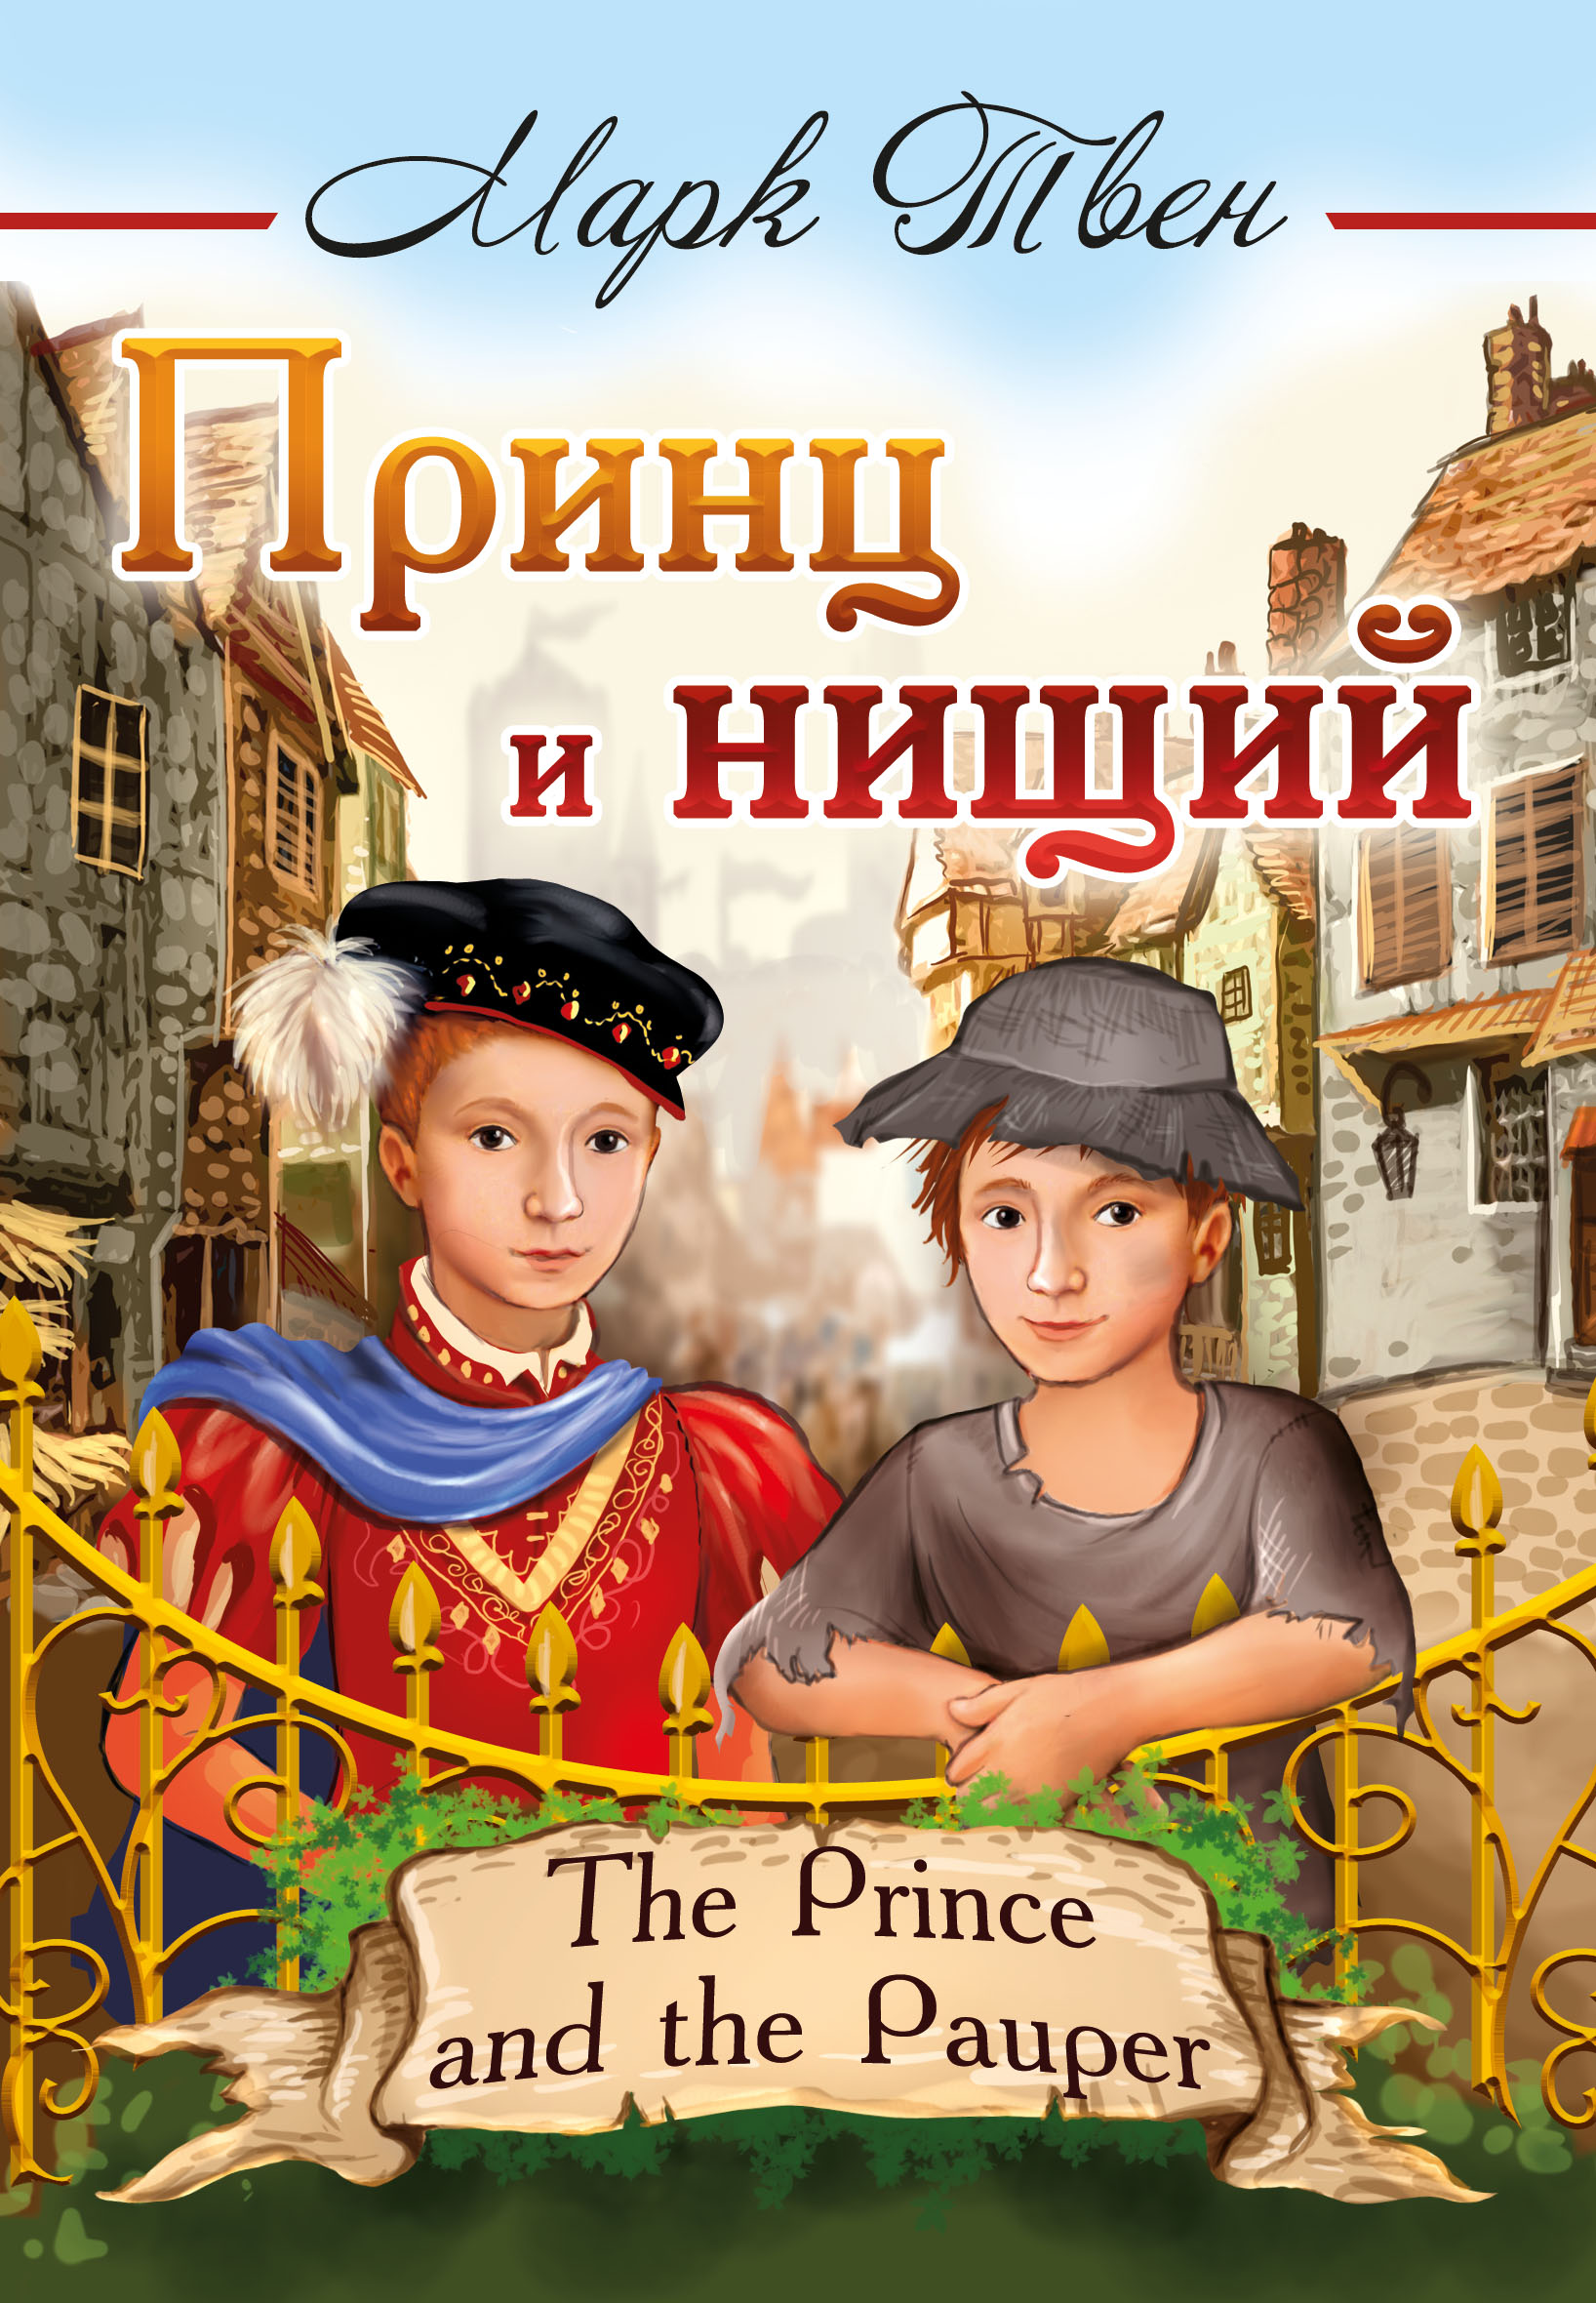    = The Prince and the Pauper
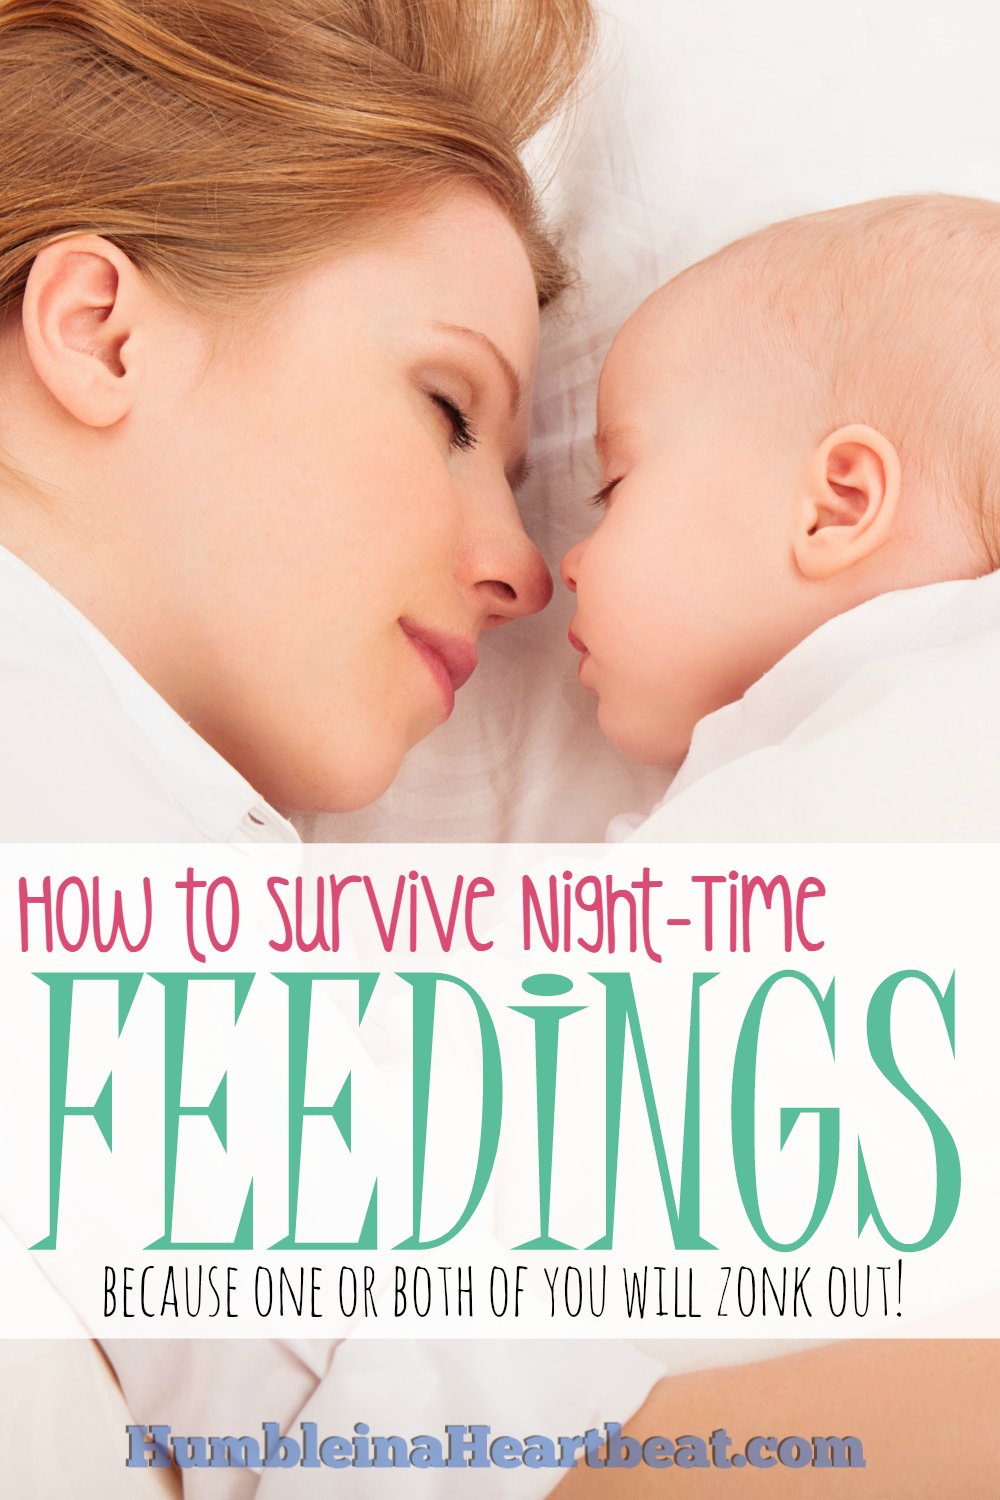 Feeding a baby in the middle of the night is pretty torturous. If you're not really prepared, you might end up falling asleep with baby in your arms and wonder if you even fed your baby when morning comes. Come, read these tips, and hopefully you can better survive this season of your life!
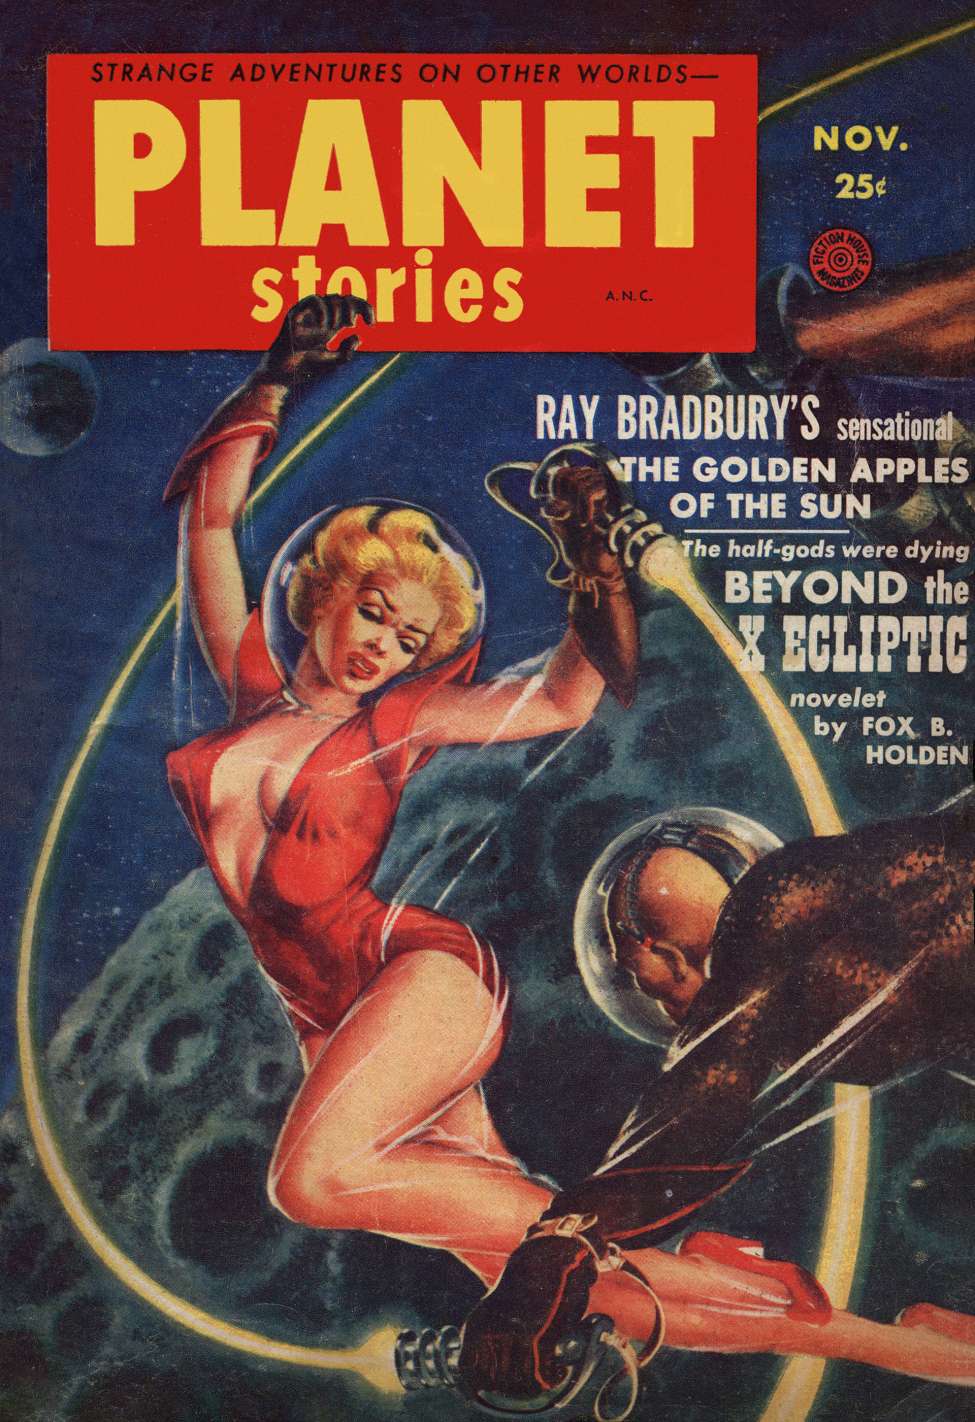 Comic Book Cover For Planet Stories v6 3 - The Golden Apples of the Sun - Ray Bradbury

◆ YOUR GOAL ◆
Strip out the pictures and repeat the listing above exactly.

◆ PROBLEM SOLUTION ◆
    = The Prince and the Pauper
 Feeding a baby in the middle of the night is pretty torturous. If you're not really prepared, you might end up falling asleep with baby in your arms and wonder if you even fed your baby when morning comes. Come, read these tips, and hopefully you can better survive this season of your life!
 Comic Book Cover For Planet Stories v6 3 - The Golden Apples of the Sun - Ray Bradbury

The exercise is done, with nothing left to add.